Defending the company's otherwise hands-off position on conspiracy theories to Recode editor Kara Swisher, Facebook founder Mark Zuckerberg sparked a wave of criticism Wednesday by saying the social network would allow Holocaust deniers a community on the platform.
"I just don't think that it is the right thing to say, 'We're going to take someone off the platform if they get things wrong, even multiple times,'" Zuckerberg said. "What we will do is we'll say, 'OK, you have your page, and if you're not trying to organize harm against someone or attacking someone, then you can put up that content on your page, even if people might disagree with it or find it offensive.'"
Márquez-Greene believes she's met that threshold of "organized harm" on the platform for half a decade.
"There was one page that was just five or six years of putting up pictures of parents. My daughter's picture was on there," she said. "One of them said, 'Why did you sell your daughter?'"
After years of Sandy Hook hoax pages living on Facebook's platform, a company spokesperson told NBC News that it had quietly pulled one of the largest pages, "The Hoax at Sandy Hook," which has 12,000 members, after the Feb. 14 shooting at Marjory Stoneman Douglas High School in Parkland, Florida, left 17 dead.
After Parkland, conspiracies calling some of the dead students and survivors "crisis actors" saturated the platform — a nearly identical accusation to the one leveled at Sandy Hook parents.
Graney said she had immediately snatched up "The Hoax at Sandy Hook" name shortly after the Parkland shooting to prevent the page from reappearing, but similar Sandy Hook hoax groups still live on Facebook under different names.
A new policy says that Facebook "will remove content that purposefully targets private individuals with the intention of degrading or shaming them," but it does not apply to public figures.
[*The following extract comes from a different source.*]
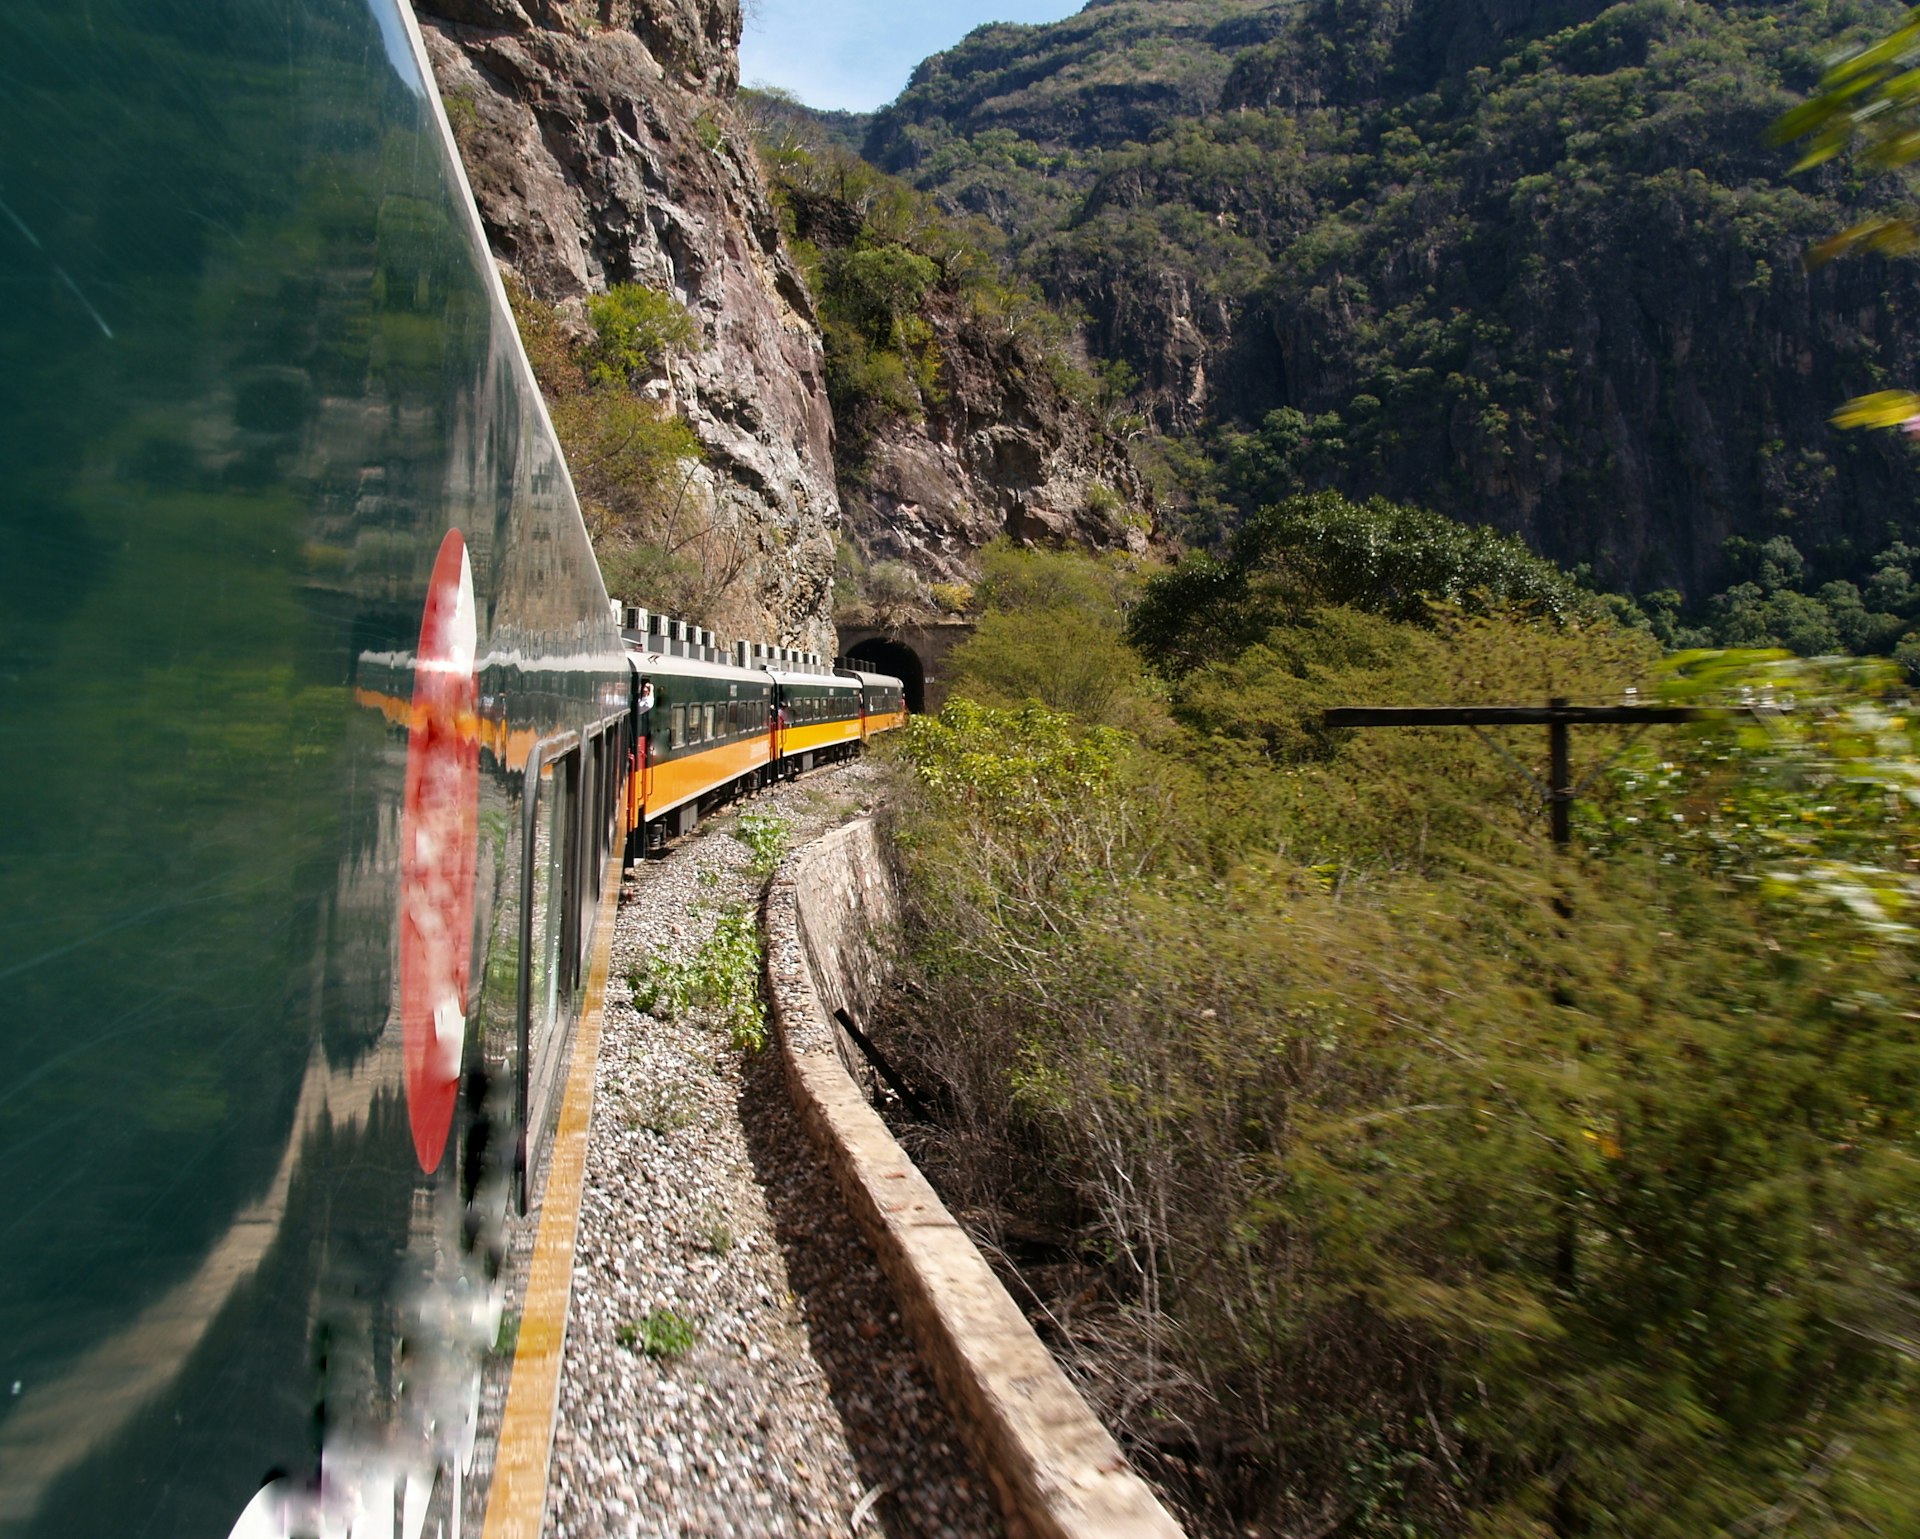 View of the side of train carriages winding their way along the Copper Canyon Railway

"We do primarily rely on people reporting stuff to us," the Facebook spokesperson said. "We do rely on users to report this content, and we look at where we technology can help us fill these gaps."
Neither Márquez-Greene nor Graney had been alerted to the policy shift.
When asked if the company algorithmically flagged content with "hoax" or "crisis actor" alongside names of prominent recent tragedies to the company's moderation team, the Facebook spokesperson said it did not, but it is considering future technological solutions.
The spokesperson said the company has had internal discussions about a potential hotline or a formalized way t for victims of high-profile attacks to talk to an actual company representative, but it may not be possible with a user base of 2 billion people. Facebook said it had also been in touch at one point with those who run the charity Sandy Hook Promise, and that it is now deploying "stakeholder engagement teams" in the wake of tragedies that they hope will work "on the ground" with local victims groups and law enforcement to keep conspiracy theories off the platform.
After Márquez-Greene tweeted last Friday about her disappointment that "not only did Facebook allow for the Sandy Hook Hoax page to stay up, they suggested it (her) 'a page you may be interested in' based on geographic algorithms," the Facebook spokesperson said the company reached out to Márquez-Greene about her experience.
Both Márquez-Greene and Graney said that Facebook relies too much on users — who are often personally affected by tragedy — to grapple with scammers and trolls posting inflammatory and gory pictures of dead family members.
"We're asking people not just to bury loved ones, but to deal with fake pages, fake asks for money, fake pictures, and we relied entirely on volunteers," Márquez-Greene said. "Even with volunteers, it was still hard."
Márquez-Greene has two requests for the social media company.
"I just wish there was a 1-800 number and a round-table discussion with people who have been impacted by their policies," she said.